Whereas murder involves the taking of human life, bearing false witness involves the destruction of character and reputation. To do so maliciously is the sin of calumny, or character assassination, described in Shakespeare’s Othello:

Who steals my purse steals trash; ’tis something, nothing;
’Twas mine, ’tis his, and has been slave to thousands;
But he that filches from me my good name
Robs me of that which not enriches him
And makes me poor indeed.
(Act 3, sc. 3, lines 157–61)

Saturday, April 28, 2007

Robert Bolar as seen by my daughters eyes:

Robert J. Matthews, in the Oct 1994 Ensign spoke in an awesome way about "Thou Shalt Not Bear False Witness" so when my daughter wrote this it made me carefully ponder the example I was setting for her.

“Thou shalt not bear false witness” plainly is more than a prohibition against inventing falsehoods. The language of the commandment requires that an honest and straightforward answer be given whenever we are asked to share our knowledge of the truth, as in a court of law when being questioned under oath. Lying under oath is called perjury. The ninth commandment’s broad injunction forbids this and all other forms of giving false evidence or manipulating information. Our words are to agree with the facts.

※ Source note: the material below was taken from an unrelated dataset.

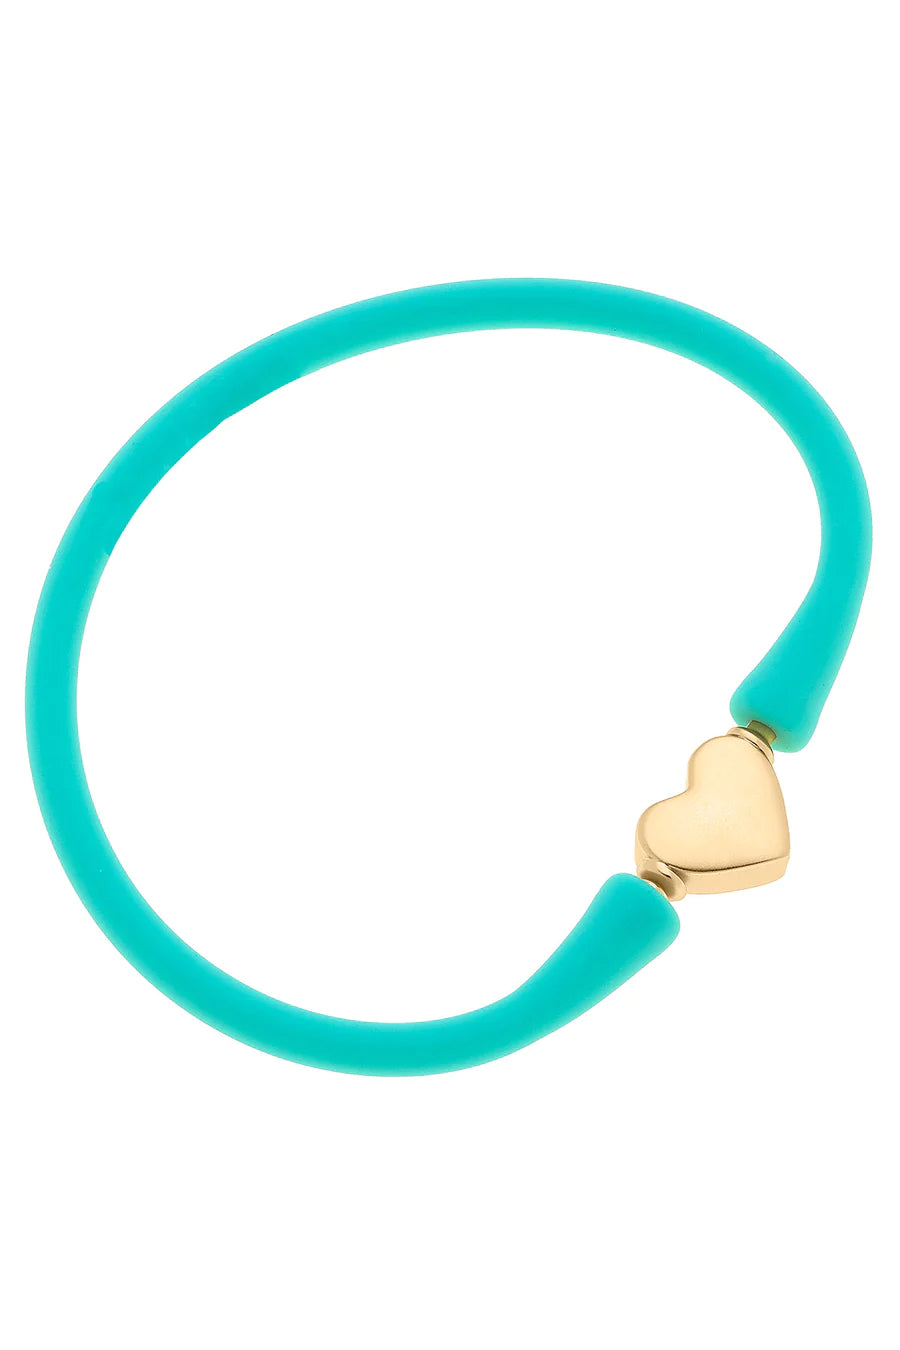 Bali Heart Bead Silicone Children's Braclet in Mint
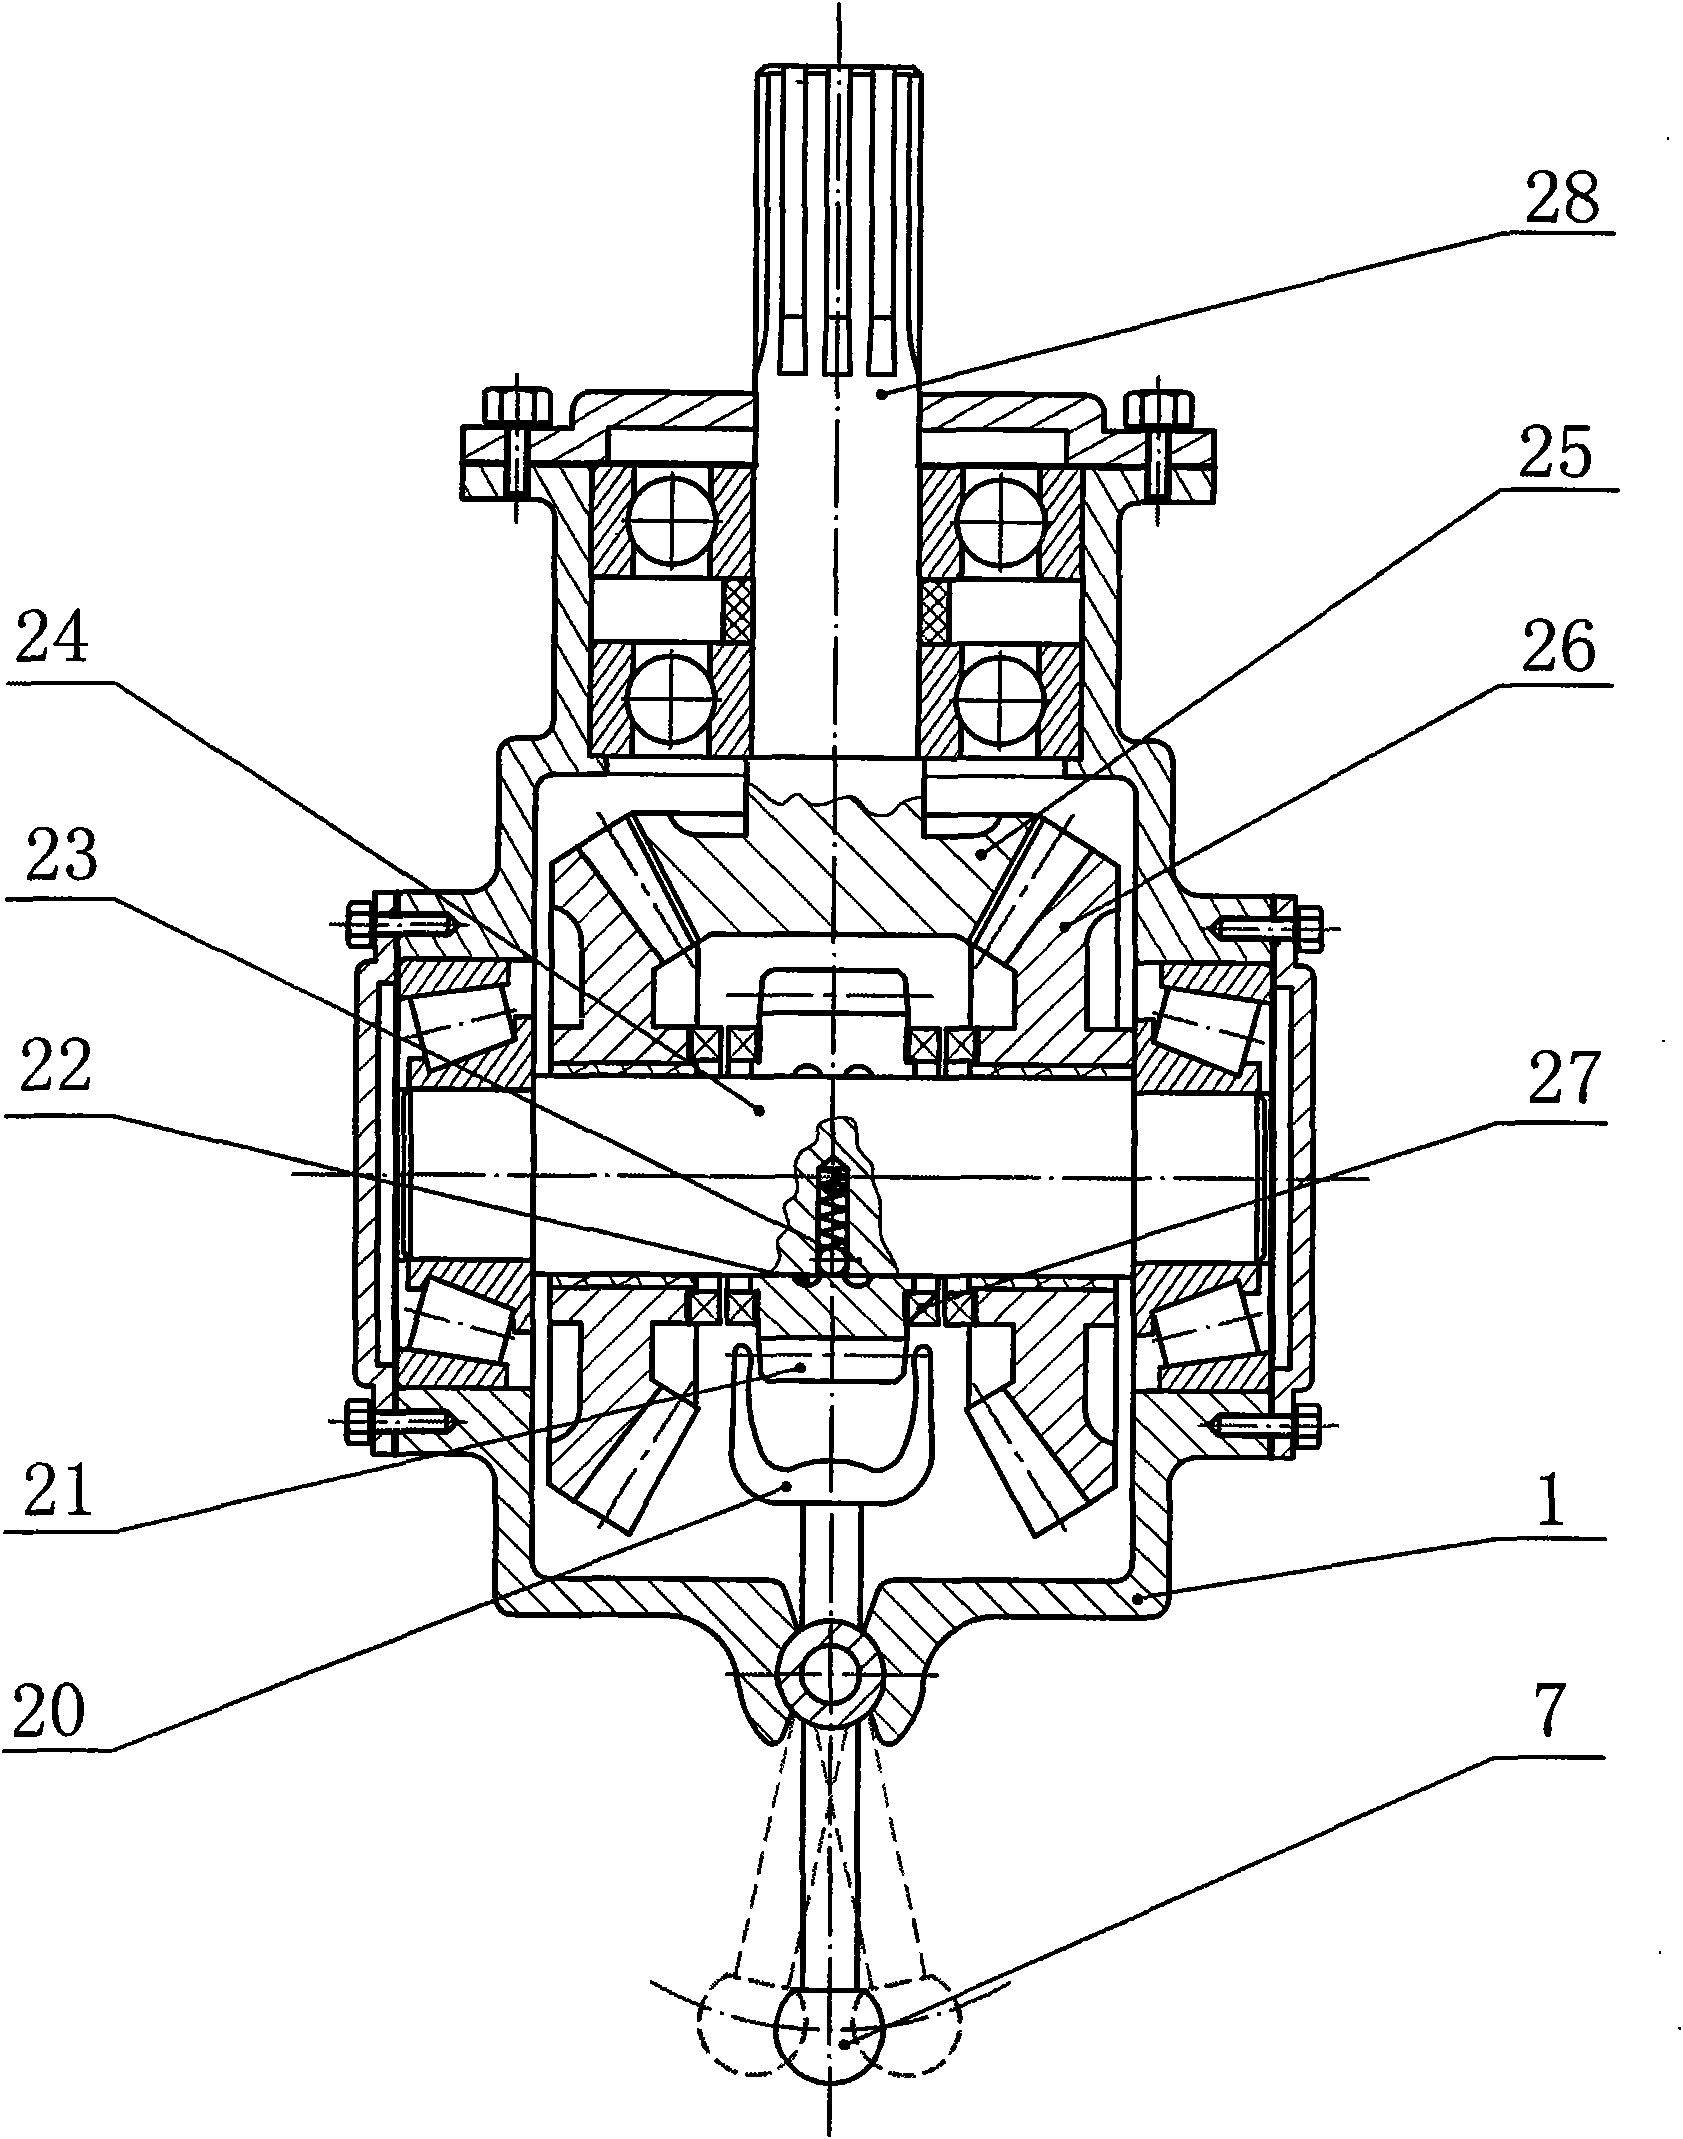 Rotary tillage ditching stubble burying machine capable of rotating positively and reversely

Thus, the ninth commandment is a strong declaration against covenant breaking, oath breaking, and all forms of untruth, including exaggeration, gross understatement, fabrication, or the willful giving of any explanation not supported by the facts. Even sharing the truth can have the effect of lying when we tell only half-truths that do not give a full picture. We can also be guilty of bearing false witness and lying if we say nothing, particularly if we allow another to reach a wrong conclusion while we hold back information that would have led to a more accurate perception.